Competition is fierce in this field, but the use of chatbots to help manage stress seems to be a promising market. Tess, one of the first mental-health chatbots, now has four million paid users, whose access fees may be covered by employers. For its part, Mr. Young has a unique advantage: it’s the only chatbot of its kind that can interact in both English and French.

So how does it work?

“To start, we install a standard version for a restricted group of users, to see how to effectively integrate the chatbot into the organization,” explains Ferron-Mallett. “In particular, we want to know which platform [such as Slack or Teams] would work best. At this stage, we check what the employee assistance program includes, or if group insurance covers consultations with a psychologist, so Mr. Young can take this into account in its interactions.”

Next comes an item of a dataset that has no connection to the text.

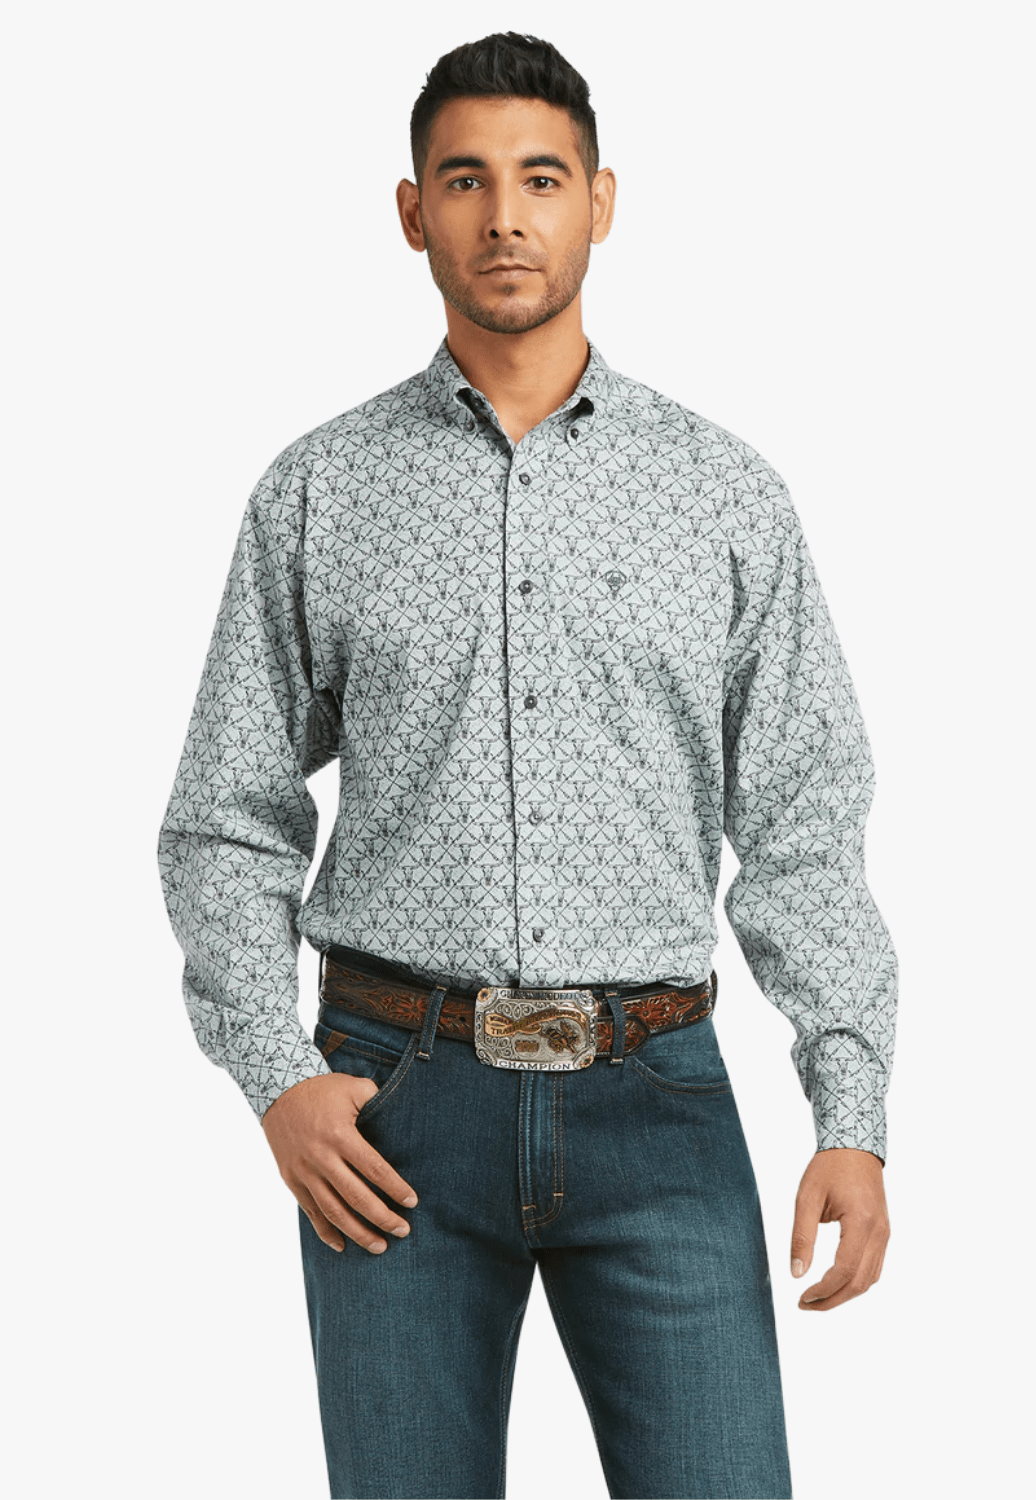 Men's Shirts, Men's Western & Country Shirts

Once this is done, linguists or writers can help further customize the chatbot, to make conversations with users more consistent with the organization’s image. Management doesn’t have access to the conversations between users and the chatbot—these are confidential—but they receive an analytics dashboard on the situation. This anonymized insight lets them put measures in place, such as workshops or exercises, for sectors that need support. They can then follow up on the issue over several months to see if it persists.


According to a 2016 report by the Canadian Centre for Occupational Health and Safety, only 23 per cent of workers are open to talking to their employers about their mental health. And yet, 47 per cent of Canadians cite work as the most stressful part of their daily life, according to the Mental Health Commission of Canada.

Aside from accessing professional help through an employer’s assistance program, connecting with colleagues can also be an important aspect of destressing (See Are you guilty of masking your emotions in the workplace?). Employees can also try Great-West Life’s virtual wellness program, which includes videos to support stress reduction and deep relaxation.